# S&w 625 4 ''



## borris (Oct 28, 2012)

Ok So I Been Eye Up a 625 for some time Would Really Like a 3'' so Who can Give Me Some Insight just don't like the J M Grips


----------



## TomC (Sep 5, 2006)

I have a 25-2, a 625PC and 625JM. The JM has a grooved trigger with fully lugged barrel. The PC has a half-lugged barrel that is set back slightly with a slightly shorter cylinder. It has a smooth trigger and weighs about 1.4 oz. less. 

I don't like the JM grips either, and I don't particularly like the gold bead front sight, so mine currently have Hogue grips with a black, serrated ramp front sight. The front sight is spring loaded, so it is easily removed.

I have been shooting .45 ACP revos for nearly 40 yrs. All are very accurate.
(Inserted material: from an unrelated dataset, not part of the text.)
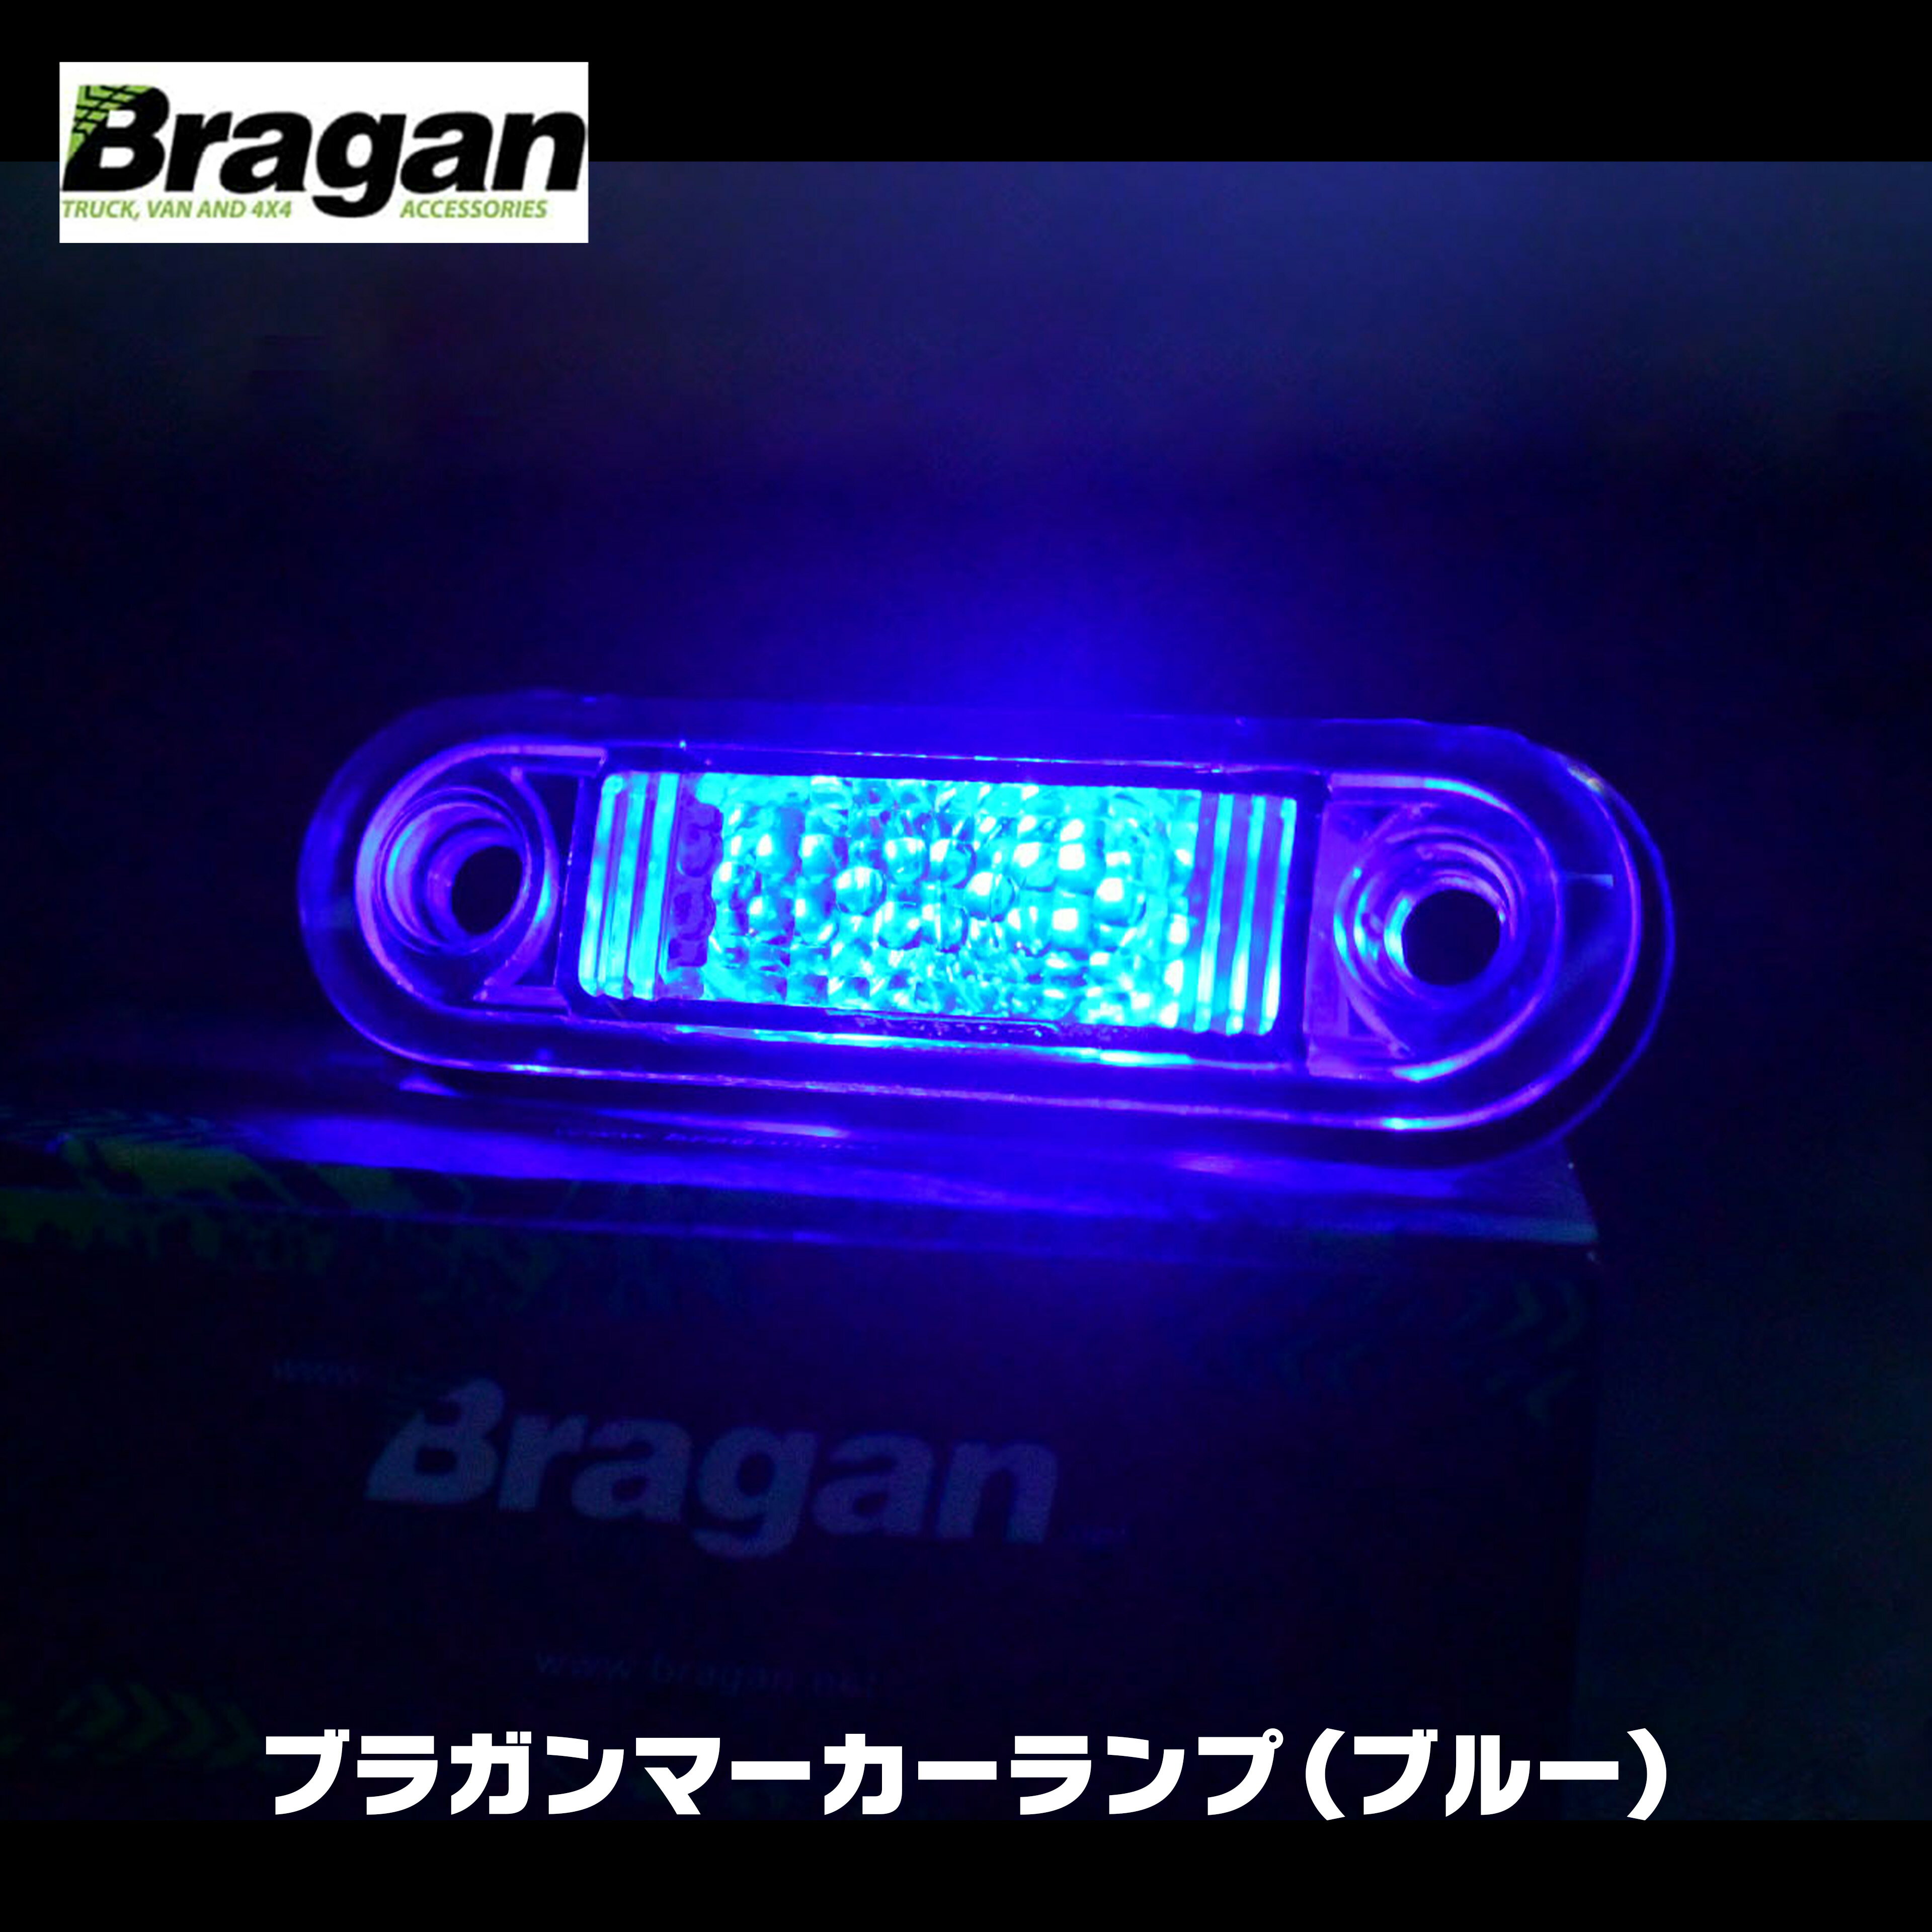 【送料無料】Bragan ブラガン LED マーカー ランプ サイド ブルー 青 24V ユーロ カスタム ボルボ スカニア scania volvo fh

I have semi-retired the 25-2. It is a blued classic and I consider the finish more delicate than the stainless guns. It has a Performance Center action job with a narrow, smooth trigger and a 5" barrel. The JM probably has the best trigger, but it also has been used enough to get thoroughly broken in. The PC is the newest. It is good, but it is still breaking in and continuing to get smoother.

I like them. They are a nice combination of power, controllability and accuracy. What's not to like? I mostly shoot .45 AR in them. I have shot IPSC with the 25-2, but I am slow on the reloads and not really competitive with it. I shoot A's with it, but I was pretty slow. I was much faster with my 1911.


----------



## jakeleinen1 (Jul 20, 2011)

The JM grips are lame but easily changed out... Get that gun dude!


----------